What happened at this year's Woodstock of Capitalism
CNN/Stylemagazine.com Newswire | 5/7/2018, 10:51 a.m.
Jackie Wattles
(CNN Money) -- Thousands of Warren Buffett acolytes descended on Omaha, Nebraska, on Saturday for Berkshire Hathaway's annual meeting, otherwise known as the Woodstock of Capitalism.
Buffett and longtime business partner Charlie Munger fielded questions for about five hours from journalists and investors.
Here are some of the highlights.
Buffett loves Apple's stock buybacks
"We very much approve of them," Buffett said.
As Apple takes shares off the market, it'll boost the value of the stock that Berkshire Hathaway holds.
Buffett revealed this week to CNBC that Berkshire bought 75 million more shares of Apple stock during the first three months of the year, adding to the 165 million shares it already owned.
"I love the idea of having our 5% or whatever it may be grow" to 7% or more "without us laying out a dime," Buffett said.
Buffett said Saturday that stock buybacks are a sensible use for Apple's massive cash stockpile. Apple could spend some money acquiring another company, but Buffett said it would be "extremely hard" to find suitable takeover target.
He added that his praise for Apple's buyback program "does not mean we approve of every buyback" program.
Why Berkshire will never own Microsoft shares
Berkshire clearly has an appetite for tech stocks. So why has it never touched Microsoft?
"In the early days, the answer is stupidity," Buffett responded when asked on Saturday why he never invested in the company.
He also refuses to dive in now because he is close friends with Microsoft founder Bill Gates, who still serves on the company's board.

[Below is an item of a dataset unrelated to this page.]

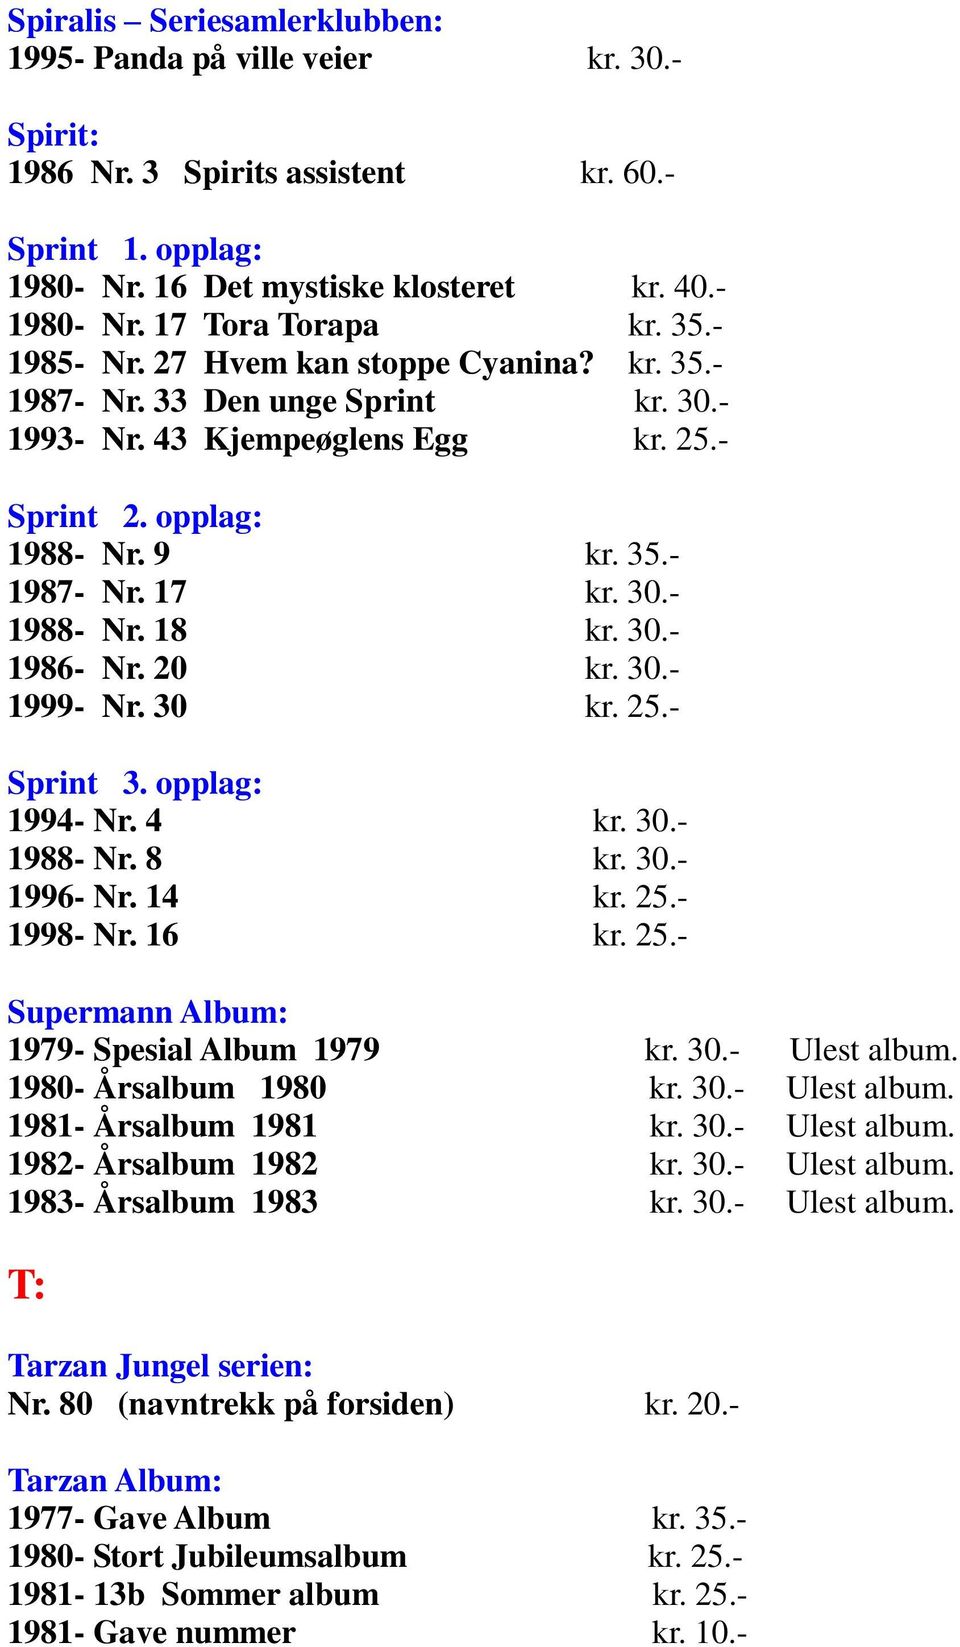 30.- 1988- Nr. 18 kr. 30.- 1986- Nr. 20 kr. 30.- 1999- Nr. 30 kr. 25.- Sprint 3. opplag: 1994- Nr. 4 kr. 30.- 1988- Nr. 8 kr. 30.- 1996- Nr. 14 kr. 25.- 1998- Nr. 16 kr. 25.- Supermann Album: 1979- Spesial Album 1979 kr.

If Berkshire were to purchase Microsoft shares, and the company were to make a big announcement shortly after that drove the stock price up, it could raise insider trading suspicions, Buffett said.
"I stay away from a few things just totally because the inference would be drawn," he said.

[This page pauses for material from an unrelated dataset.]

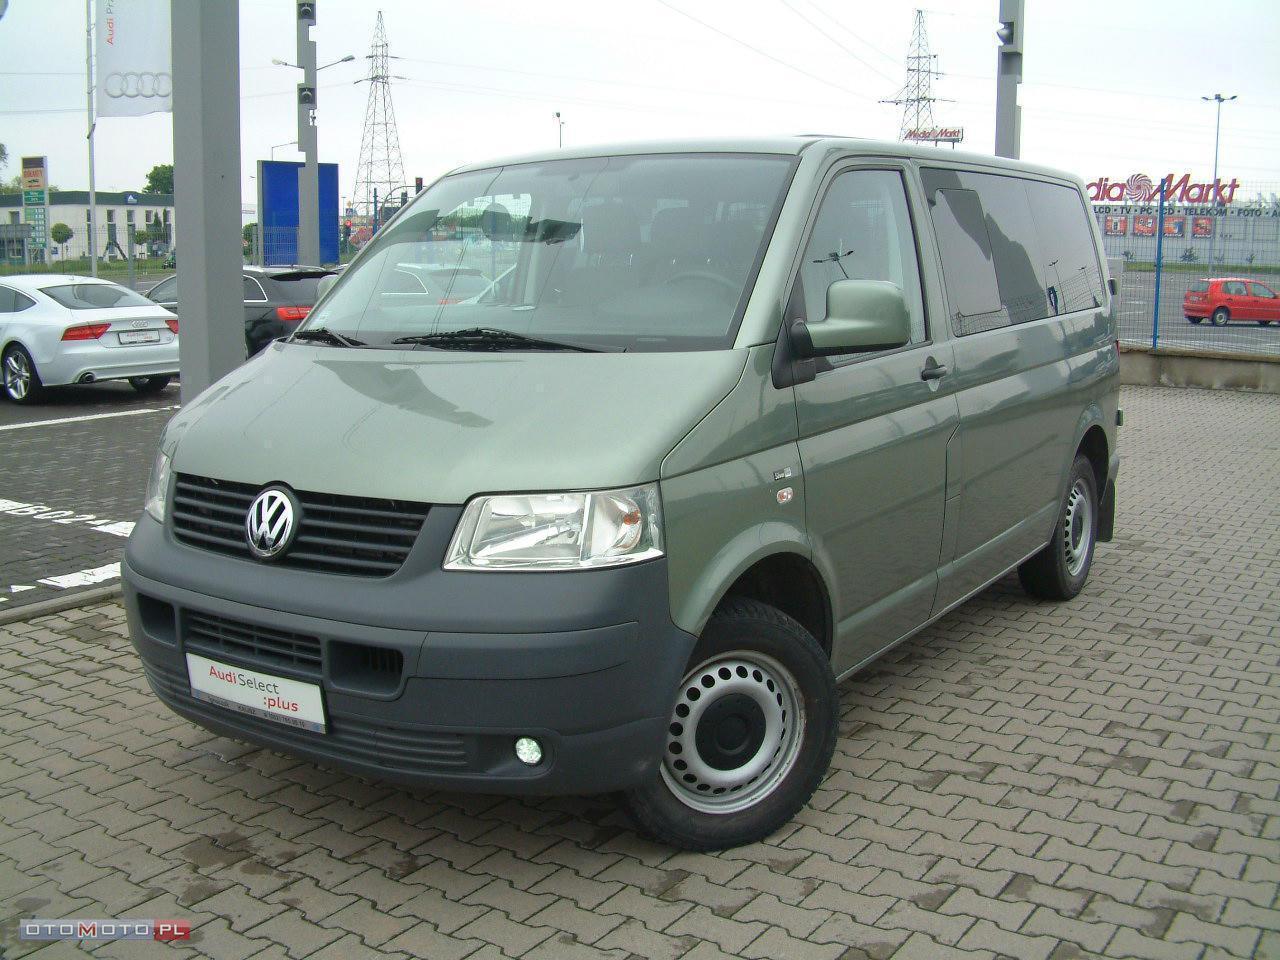 Volkswagen Transporter SALON POLSKA, 6 OSÓB

Sticking by Wells Fargo despite 'cardinal sin'
Buffett said Wells Fargo creating millions of fake accounts was a "cardinal sin" by Berkshire's standards.
But, he noted that other banks have done bad things, too. Some companies emerge from scandals stronger than ever, Buffett said.
"I see no reason why Wells Fargo as a company — from both an investor standpoint and a moral standpoint going forward — is in any way inferior to the other big banks with which it competes," Buffett said.
"If I had to say which bank is more likely to behave the best in the future," Munger added, "it might be Wells Fargo."
US and China won't be 'foolish' on trade
Buffett brushed off looming concerns about a trade war between the United States and China.
"We will have disagreements with each other. We'll have disagreements with other countries on trade. But it's just too big, and too obvious that the benefits are huge and the world's dependent on, in a major way, for its progress," he said.
The United States and China have traded threats of steep tariffs in recent months. But Buffett doesn't think the countries would "do something extremely foolish" by allowing the rhetoric to escalate to an all-out trade war.
"We will not sacrifice world prosperity based on differences that arise in trade," he said.
Update on the plan to lower health care costs
Berkshire, Amazon and JPMorgan want to team up to launch a health insurance company that they say will be "free from profit-making incentives and constraints." The surprising proposal was made public in January.
Buffett didn't offer many more details about the joint venture on Saturday. But he said the new company will have a chief executive in the next "couple months."